A Mediterranean-style Dietary Intervention Improves Mental Health in People with Depression: A Randomized Controlled Trial

The year in Nutritional Psychiatry started with the publication of the first RCT into the positive effect of a healthy diet on depression (the SMILES Trial). A new study bookended the year with similar promising results. 

In this study people with self-reported depression were randomly assigned to one of two groups. The first group received nutritional education, a fortnightly food box containing ingredients that adhered to the Mediterranean diet for three months, and six months of fish oil supplements.
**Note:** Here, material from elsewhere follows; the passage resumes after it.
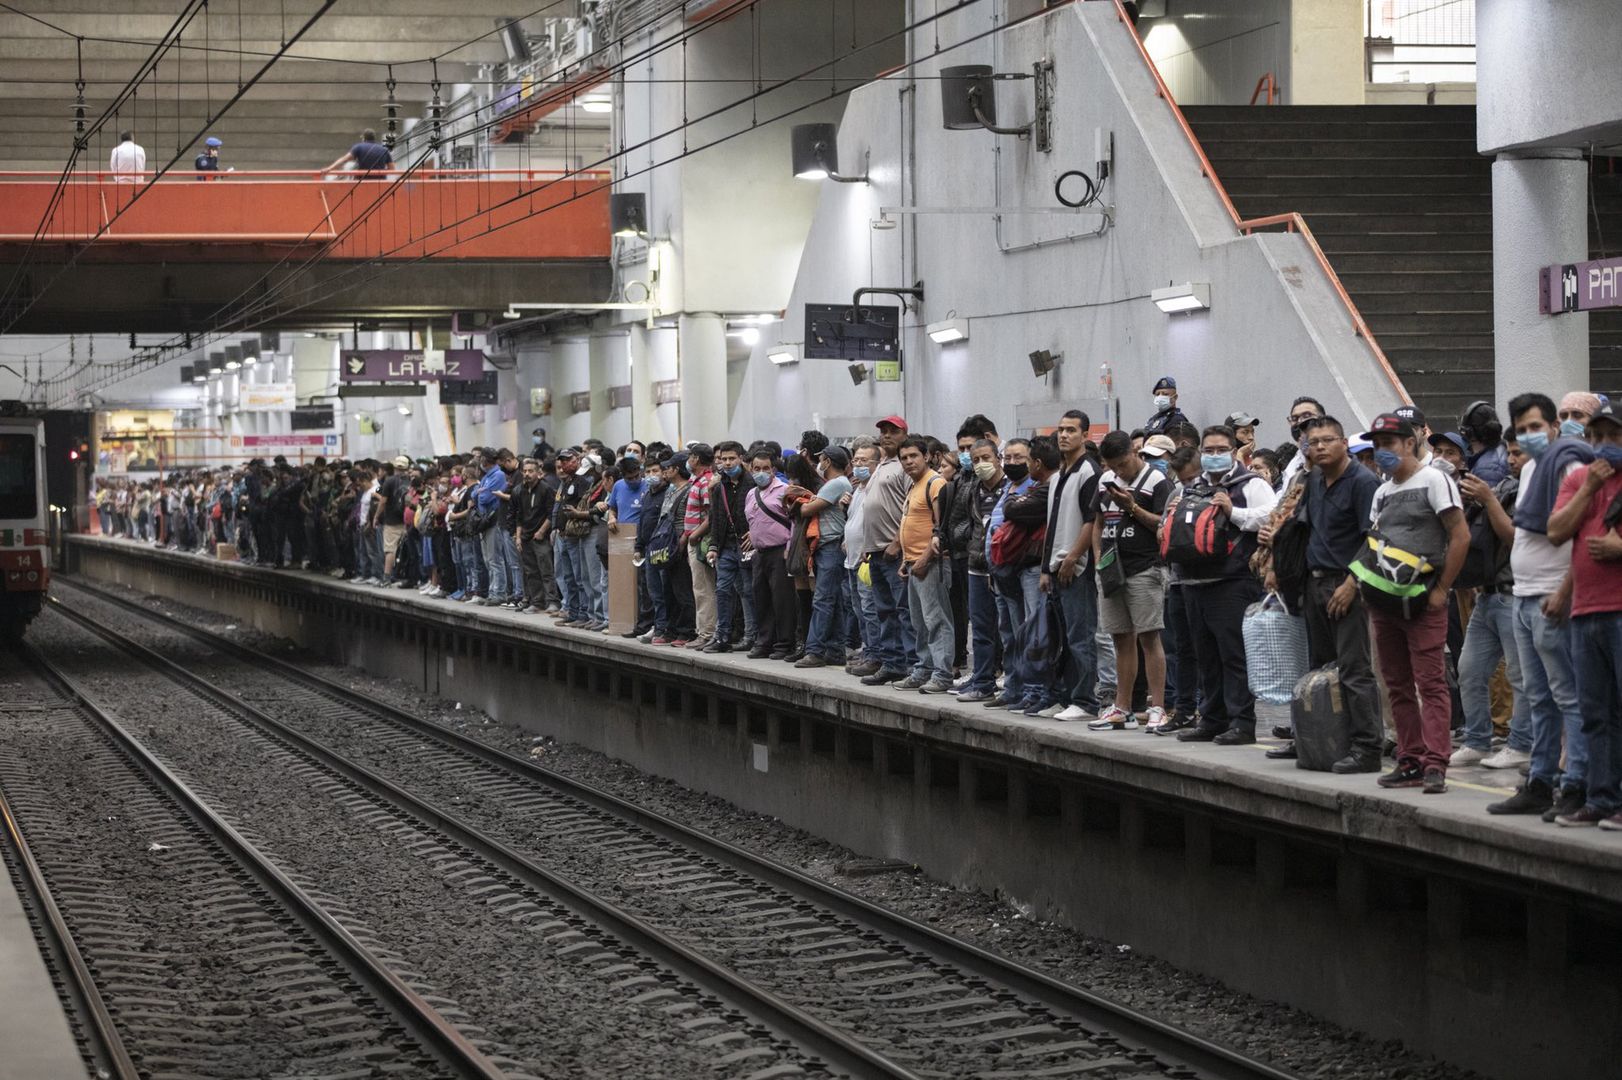 Meksyk. Tłumy w metrze i na ulicach. Pomimo koronawirusa

The control group were assigned to receive regular social support for the same amount of time. 

At the end of the trial the MedDiet group saw a significant reduction in their depression scores and overall Quality of Life with 60% fewer persons experiencing extremely severe levels of depression, 72% of anxiety and 69% of stress in the MedDiet group compared to the social support group. 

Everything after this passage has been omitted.